Question Generation Process

We developed a systematic approach to create cognitively demanding regulatory questions that would challenge even seasoned financial professionals. The questions were automatically generated using an LLM that reverse-engineered complex regulatory requirements from the CRR text. Our methodology followed these key steps:

  1. Define Purpose and Target Difficulty: We targeted skills requiring deep knowledge of CRR II/III own-funds and credit-risk rules, plus the ability to apply them quantitatively. Questions were calibrated to challenge seasoned regulatory-capital practitioners or CFA/FRM holders.

  2. Content Mapping: We extracted an article list from CRR and key Delegated Regulations, then flagged “high-leverage” articles that are frequently misunderstood, embed quantitative scalars, or define critical thresholds.
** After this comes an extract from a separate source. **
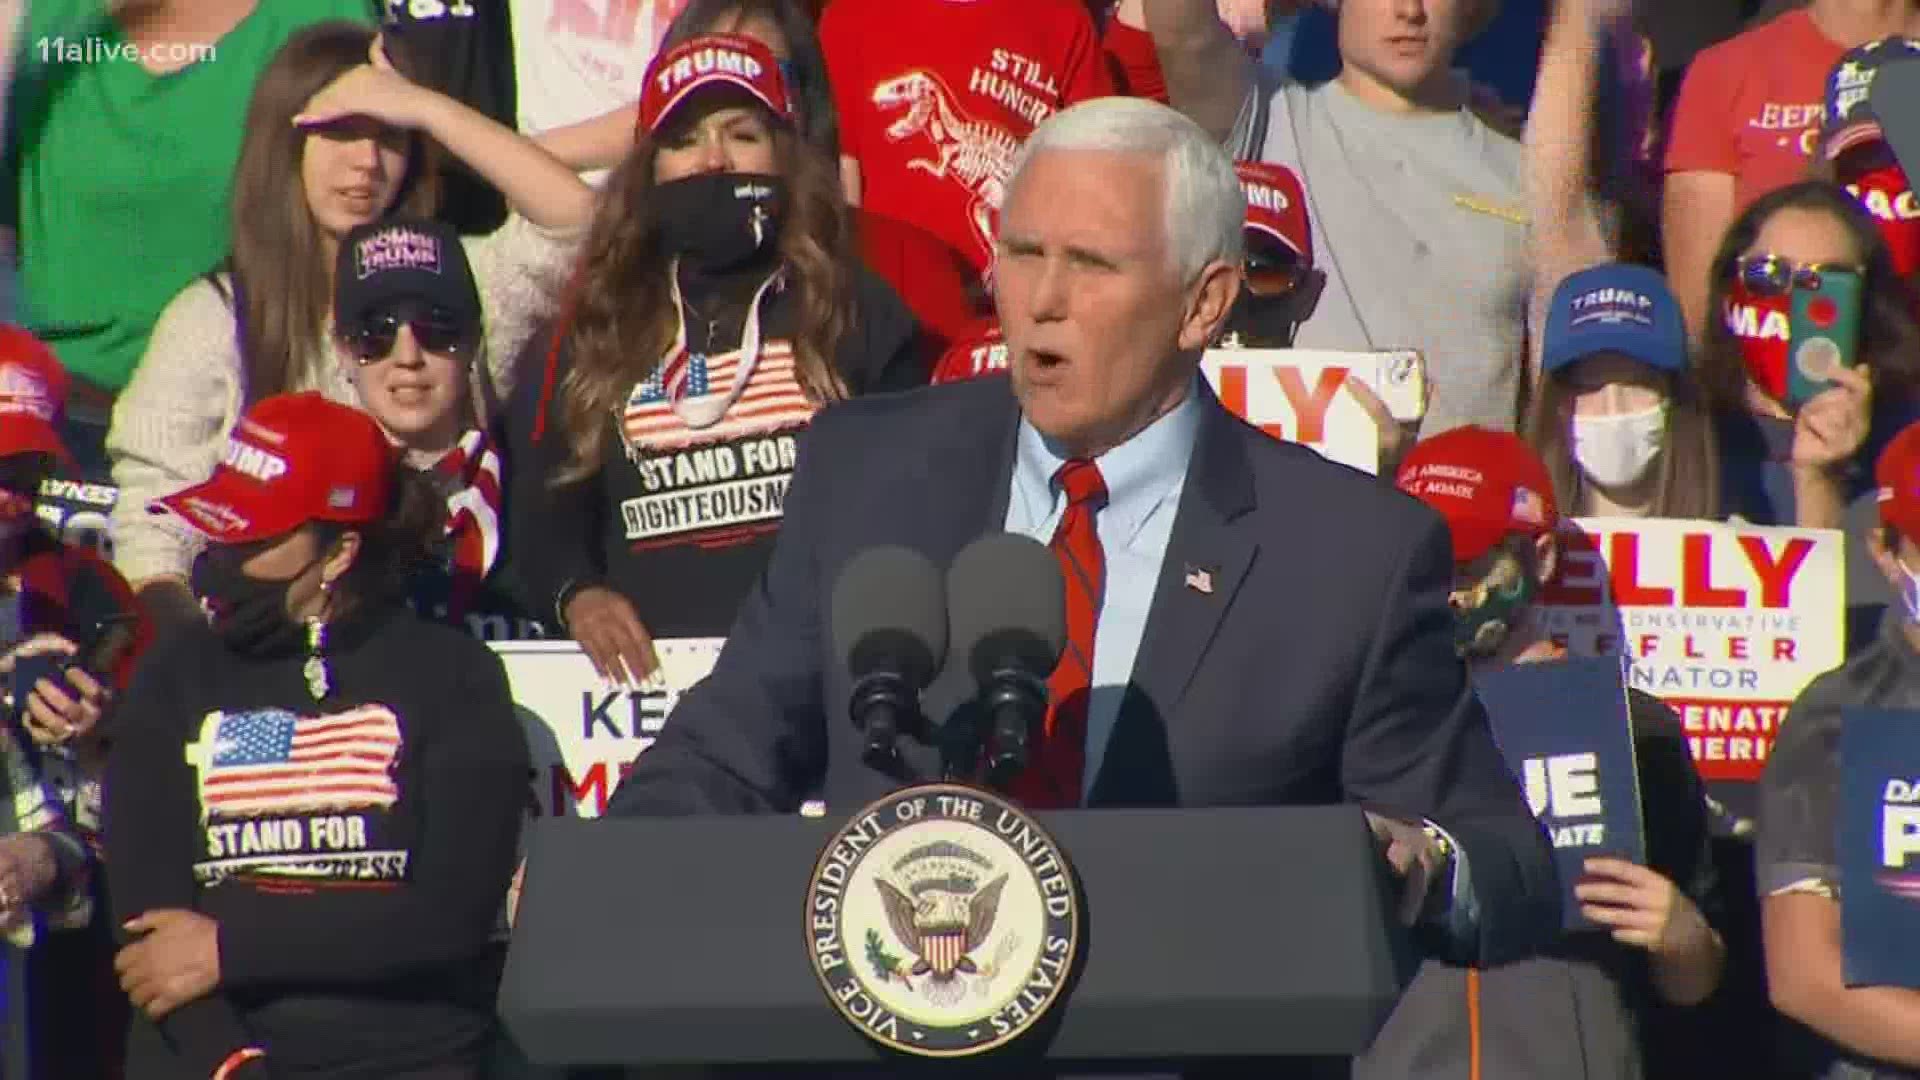 The Vice President was back in Georgia again Thursday to drum up support for Sens. Kelly Loeffler and David Perdue ahead of a high-stakes January runoff.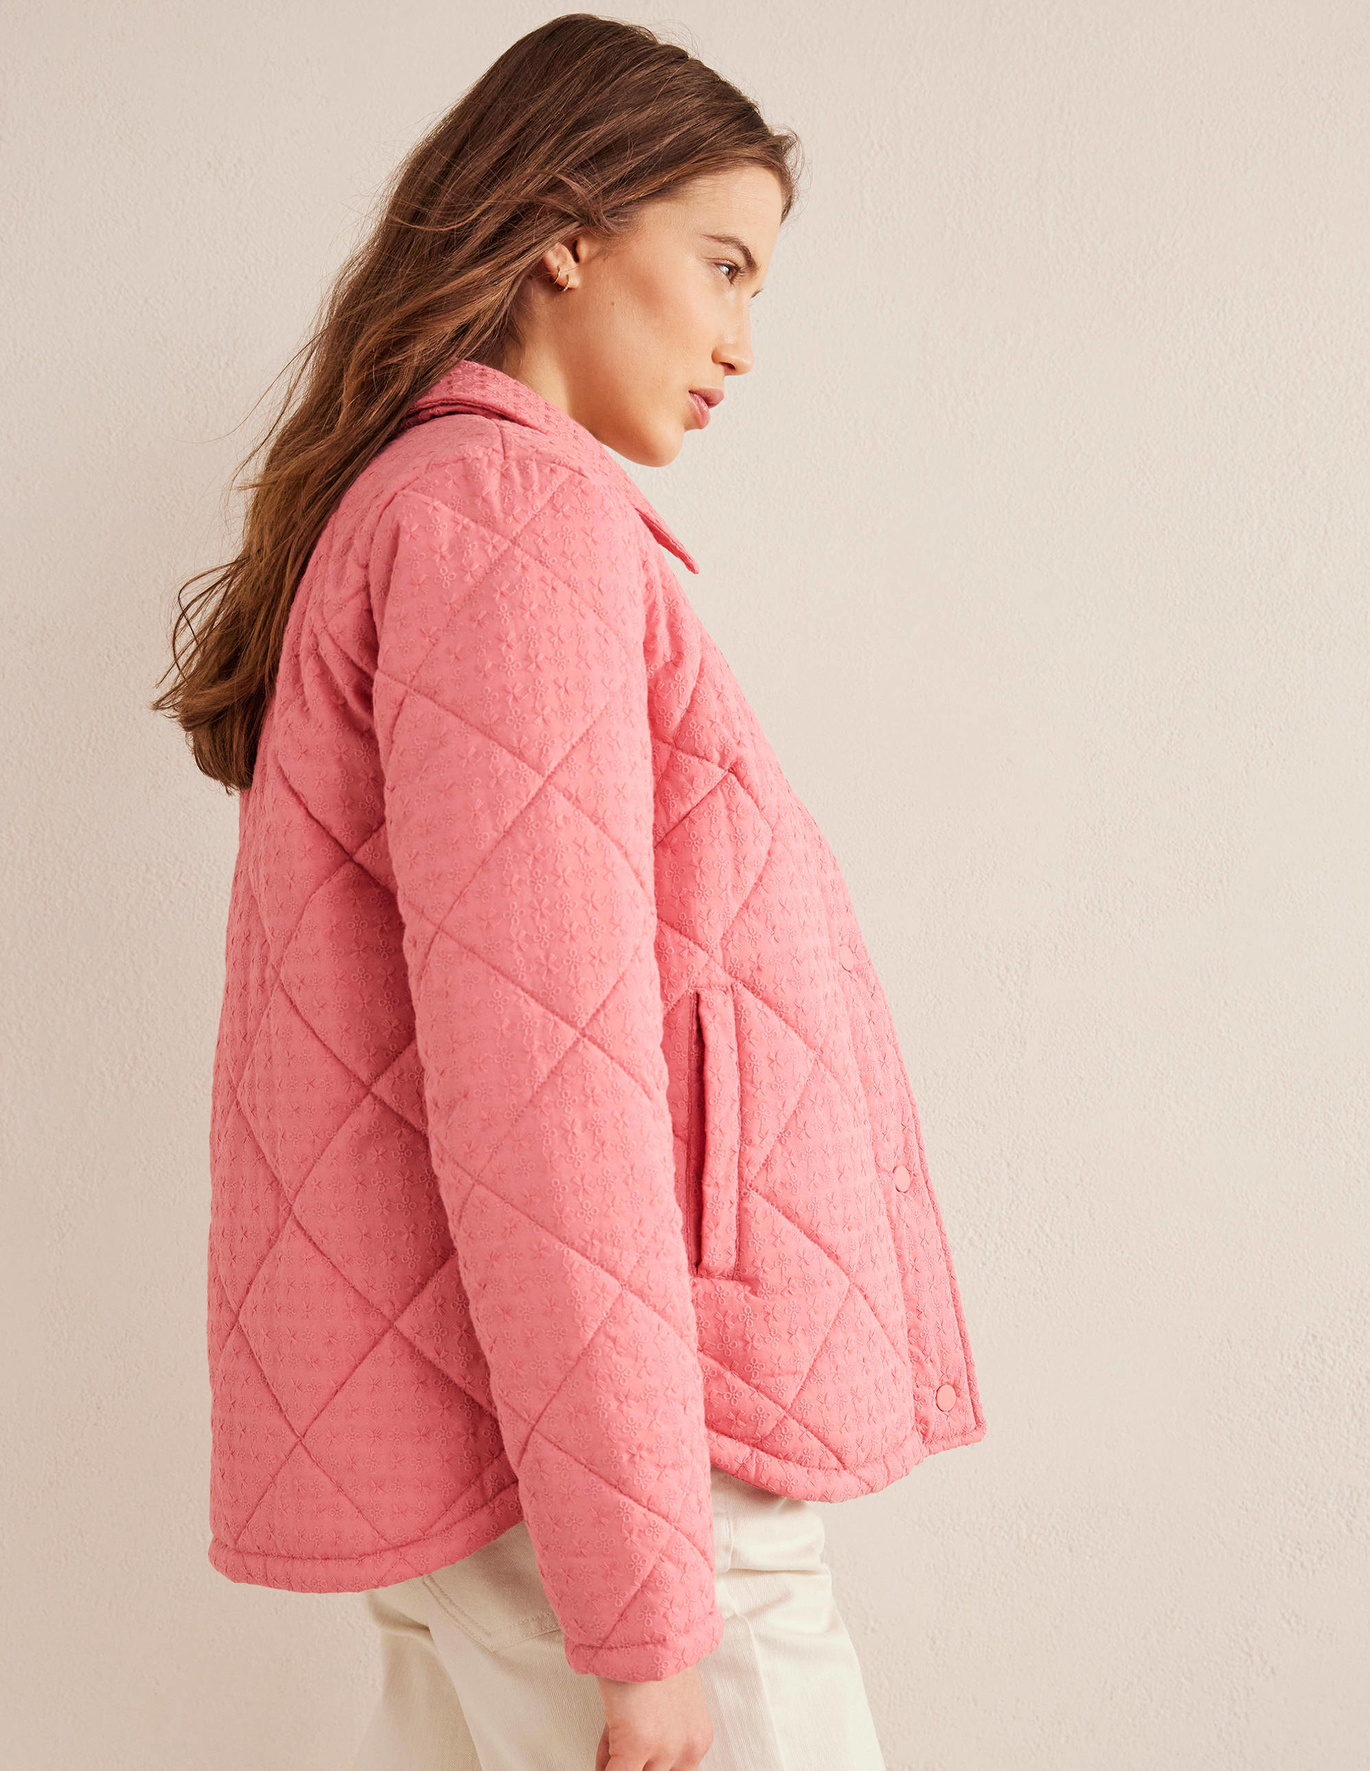 Boden Broderie Quilted Cotton Jacket - Pink

  3. Question Design Heuristics: We employed several heuristics to generate challenging questions:
    • Exploiting exceptions to general rules
    • Requiring precise arithmetic calculations
    • Mixing temporal considerations with rule applications
    • Cross-referencing different regulatory artifacts
    • Incorporating real-world financial instruments

  4. Filtering and Validation: We removed duplicates, ensured uniqueness of concepts, and verified that all numerical values traced directly to the regulation.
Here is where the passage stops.